Mom...I am SO not okay with this. And no scritches do not make it better! Okay, maybe a_ little_ better.





This was my first attempt at a sock sweater for Dolce. She absolutely hates it, but I'm hoping she'll get used to it in time. I'm not satisfied with the fit so I'll be making a new one tomorrow. Still, you have to admit...it's pretty cute.

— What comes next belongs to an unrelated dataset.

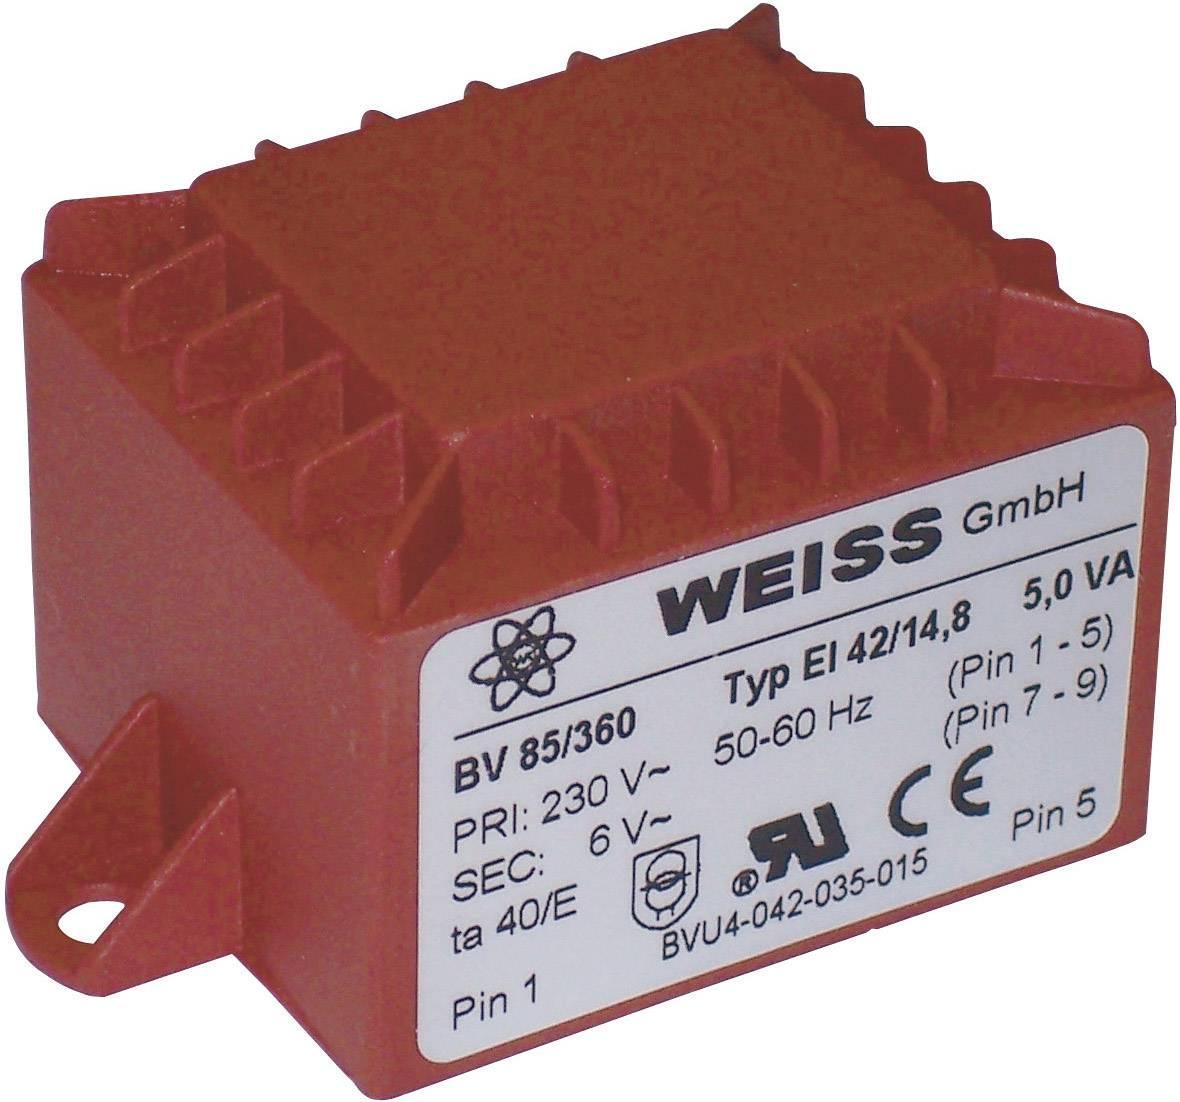 pcb mount transformer 1 x 230 v 1 x 9 v ac 5 va 556 ma from conrad Howl Moving Castle Pins pcb mount transformer 1 x 230 v 1 x 9 v ac 5 va 556 ma

For those unaware, Dolce is a plucker.


----------



## Mezza (Feb 19, 2013)

Hahaha! Though she's unimpressed she still looks pretty **** cute!!!!


----------



## ollieandme (Mar 25, 2013)

aaahhh it's adorable!! come on Dolce, admit you look stunning 

note to others: if you want a white cockatiel, just put them in a sock


----------



## Vickitiel (Oct 10, 2012)

She looks stunning! It really suits her, I hope she grows to like it.


----------



## urbandecayno5 (Oct 24, 2012)

Will she be getting a Christmas sweater in December?


----------



## Haimovfids (Sep 19, 2012)

That's a great idea! 
I hope she stops plucking. She is ADORABLE


----------



## .Alexandra. (Sep 11, 2012)

Aww she does look cute in it! Hope it helps with her feathers growing back


----------



## eduardo (Jan 27, 2012)

I hope she gets used to it, she looks very cute! I should get one for Candy, LOL


----------



## CaliTiels (Oct 18, 2012)

Get her a little pumpkin sock for Halloween!


----------



## Tequilagirl (Mar 4, 2013)

I can't tell you how much I've been looking forward to these photos since you posted the link! Hah, she looks so cute!


----------



## Anna-marie (Jul 30, 2013)

awww bless she looks so sweet, hope she gets used to it soon


----------



## moonchild (Jul 29, 2012)

It's too big and I made it wrong. Off to go buy new socks...stay tuned for an update.


----------



## sunnysmom (Sep 23, 2011)

Too cute. I always say I wish I could dress Sunny up! ; )


----------



## BirdyBuddy (Oct 4, 2013)

LOL, it does look a little tight but **** cute!


----------



## scootergirl762 (Aug 27, 2013)

Oh my, she looks so cute! I know that's probably the last thing she wants, but hopefully it will help with the plucking. Good Luck! Can't wait to see the next one you make her.


----------



## ccollin13 (May 24, 2013)

Tequilagirl said:


> I can't tell you how much I've been looking forward to these photos since you posted the link! Hah, she looks so cute!


ME TOO!!! And this "disgruntled" look makes it even better  Should be your entry for "Grumpy Tiel" COTM! .... although I really want Tommy to win


----------